ATEC files Form 144 to sell 300K RSU shares valued at $4.77M
Rhea-AI Filing Summary
Alphatec Holdings, Inc. (symbol ATEC) submitted a Form 144 notifying a proposed sale of 300,000 shares of common stock through Morgan Stanley Smith Barney LLC on the NASDAQ, with an aggregate market value of $4,770,000.00. The reported shares were acquired as Restricted Stock Units on 10/02/2020 and the acquisition and payment date is also listed as 10/02/2020. The filing shows 147,983,775 shares outstanding, and an approximate date of sale of 09/02/2025. The filer states there were no securities sold in the past three months for the account and includes the standard representation that the selling person does not possess undisclosed material adverse information.
Positive
- Clear disclosure of the broker (Morgan Stanley Smith Barney LLC), proposed sale date (09/02/2025), and aggregate market value ($4,770,000.00)

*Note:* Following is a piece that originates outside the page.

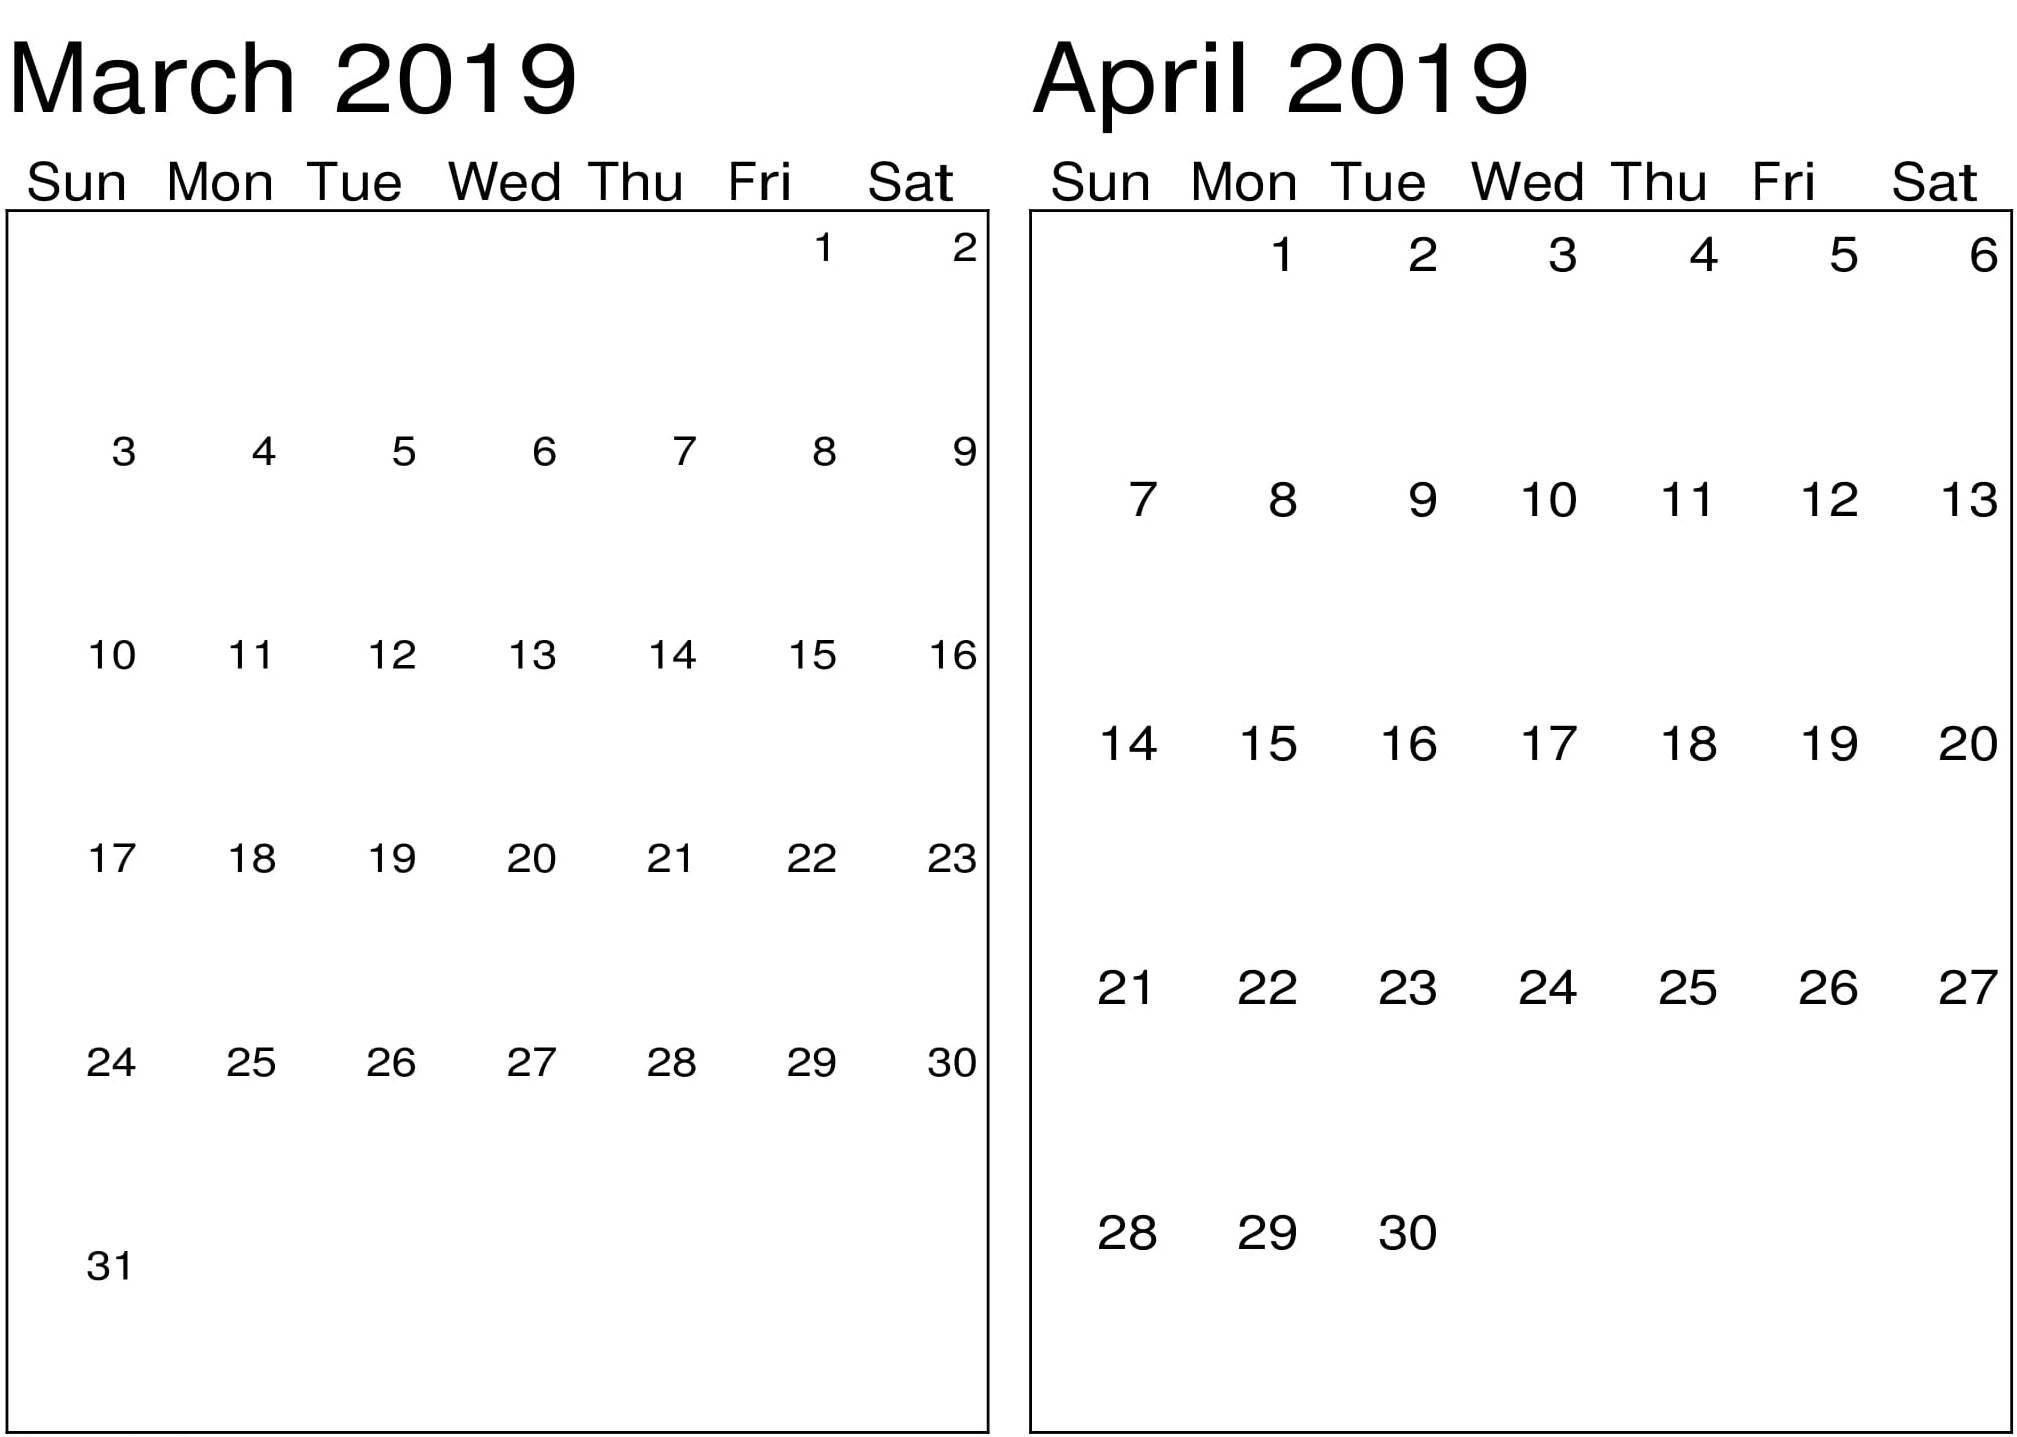 March April 2019 Printable Calendar - Printable Calendar Templates Calendar 2019 March April

- No securities sold in the past three months for the account, indicating this is not part of an active recent selling pattern
Negative
- No identity provided for the selling person in the provided excerpt (filer CIK/CCC fields are blank in the content)
- Limited context on whether the sale is part of a broader plan (no 10b5-1 adoption date or additional remarks included)
Insights
TL;DR: Planned sale of 300,000 ATEC shares worth $4.77M is disclosed; size appears small relative to total shares outstanding.
The Form 144 shows a proposed brokerage sale via Morgan Stanley Smith Barney of 300,000 common shares valued at $4,770,000 and an outstanding share count of 147,983,775. The shares originated as Restricted Stock Units granted and acquired on 10/02/2020. Because the filing reports no sales in the past three months and specifies the planned sale date of 09/02/2025, this is a routine Section 144 notification allowing a person to sell restricted or control securities under Rule 144 conditions. Based solely on the filing, the position size of the planned sale represents a small fraction of total outstanding shares, suggesting limited direct market impact from this single notice.
TL;DR: The notice documents a permitted disposition of RSUs; disclosure meets Rule 144 form requirements without additional governance flags.
The submission identifies the securities as Restricted Stock Units acquired from the issuer on 10/02/2020 and lists the broker, proposed sale date, and aggregate value. The signer affirms no undisclosed material adverse information, and the filing reports no recent sales by the account. There are no disclosures here of insider departures, related-party transactions, or exemptions relied upon beyond the Rule 144 notice itself. From a governance perspective, the filing is procedural and provides required transparency about an intended sale by a person holding RSUs.